Family of vascular plants known as horsetails

Equisetaceae, also known as the horsetail family, is a family of ferns and the only surviving family of the order Equisetales, with one surviving genus, Equisetum, comprising about twenty species.

== Evolution and systematics ==
Equisetaceae is the only surviving family of the Equisetales, a group with many fossils of large tree-like plants that possessed ribbed stems similar to modern horsetails. Pseudobornia is the oldest known relative of Equisetum; it grew in the late Devonian, about 375 million years ago and is assigned to its own order.
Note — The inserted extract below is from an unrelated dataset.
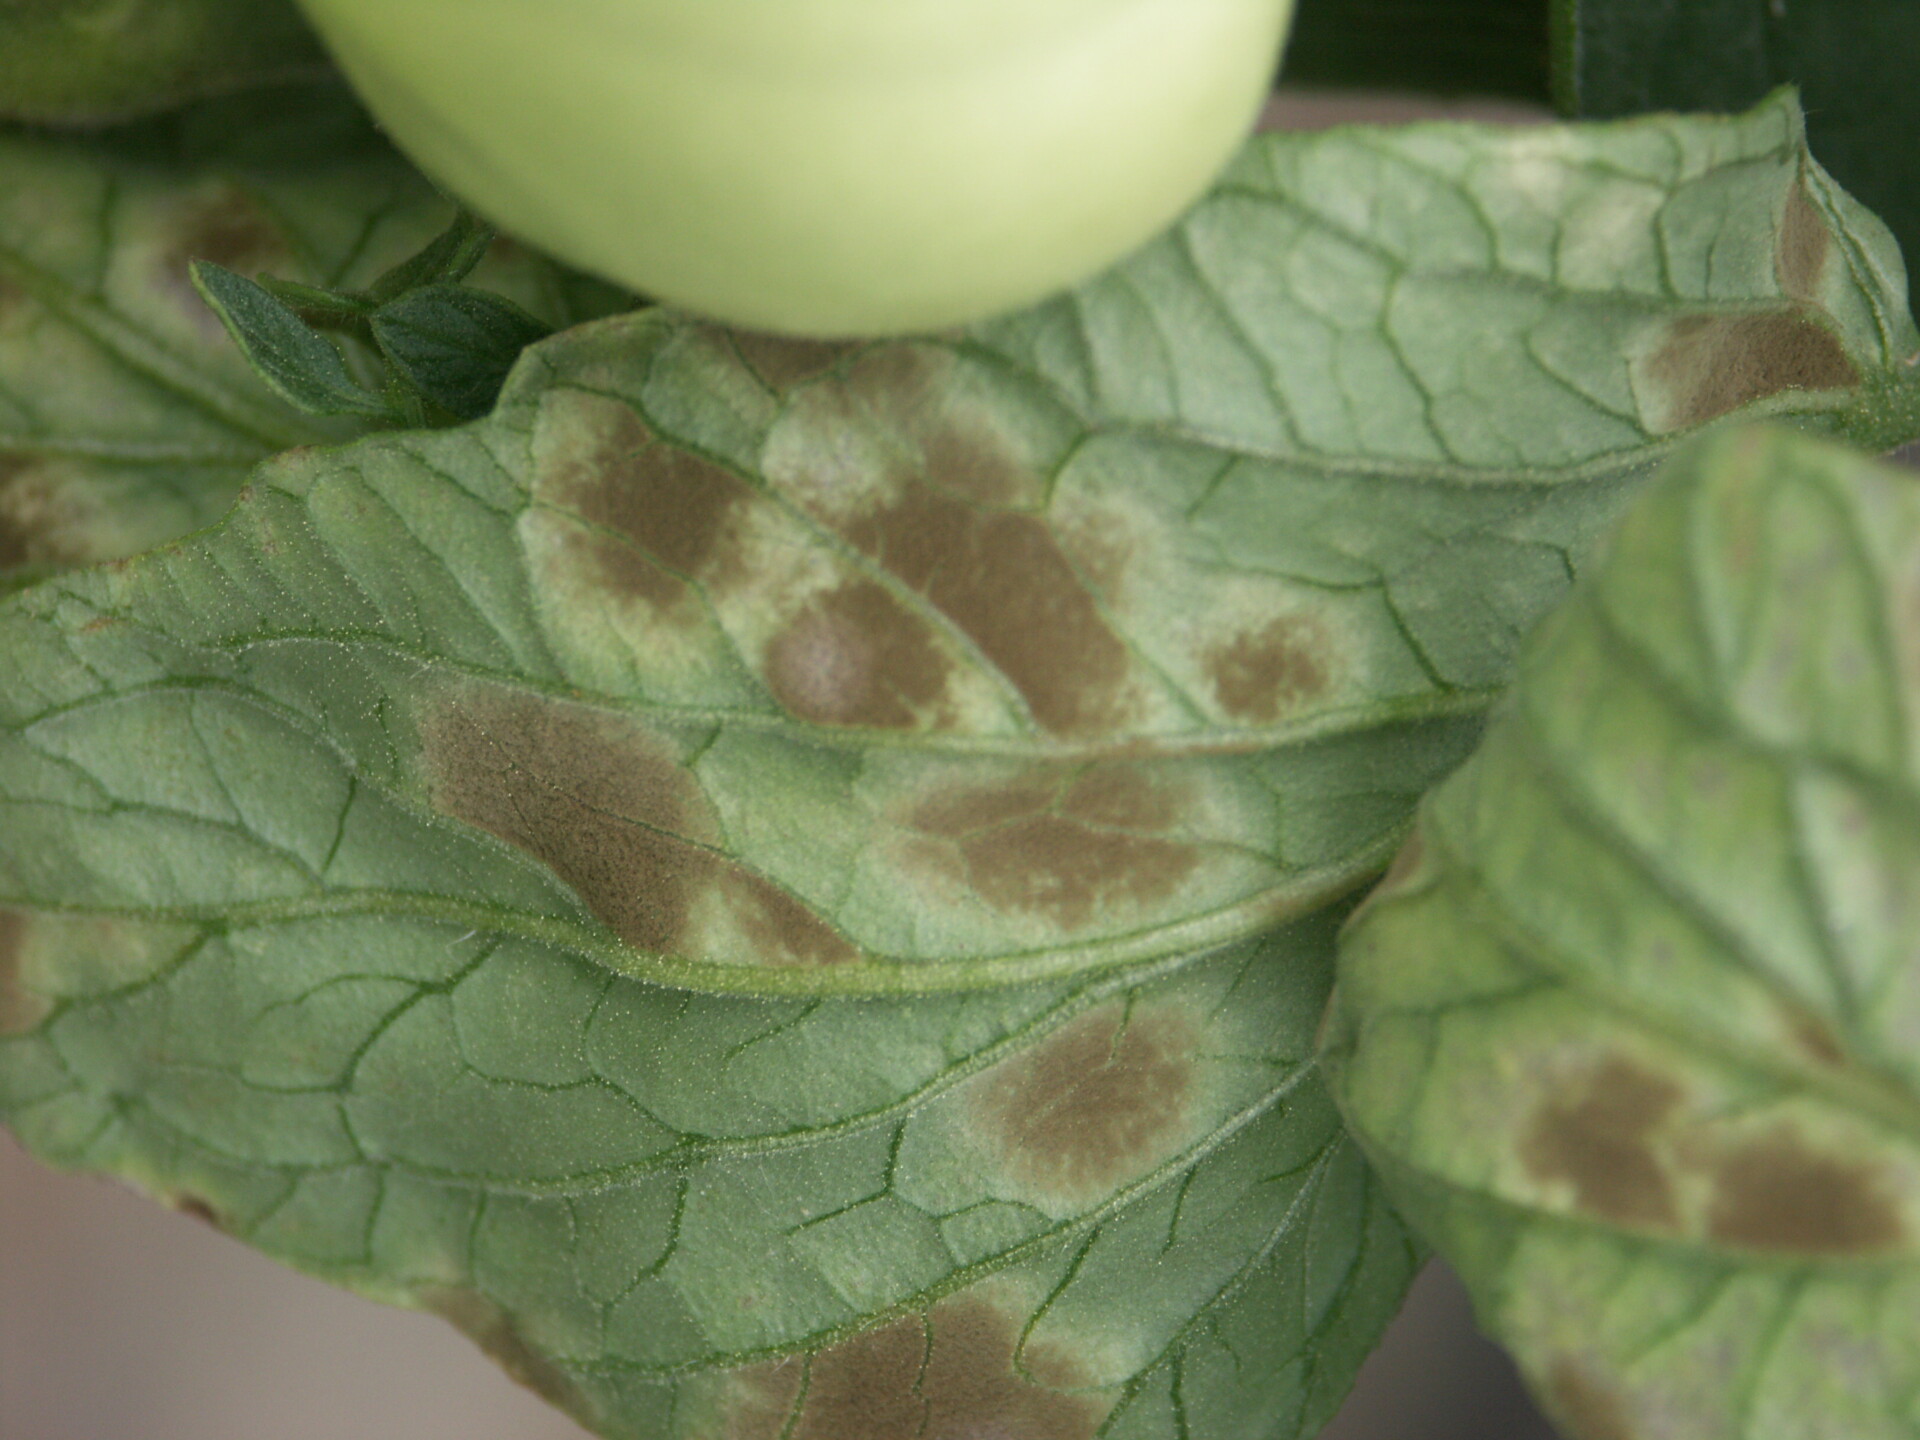 Figure 8. Underside of leaf with sporulation of causal fungus visible for tomato leaf mold.

All living horsetails are placed in the genus Equisetum. But there are some fossil species that are not assignable to the modern genus. Equisetites is a "wastebin taxon" uniting all sorts of large horsetails from the Mesozoic; it is almost certainly paraphyletic and would probably warrant being subsumed in Equisetum. But while some of the species placed there are likely to be ancestral to the modern horsetails, there have been reports of secondary growth in other Equisetites, and these probably represent a distinct and now-extinct horsetail lineage. Equicalastrobus is the name given to fossil horsetail strobili, which probably mostly or completely belong to the (sterile) plants placed in Equisetites.

The earliest fossils that can be reliably attributed to the Equisetaceae proper date to the Triassic.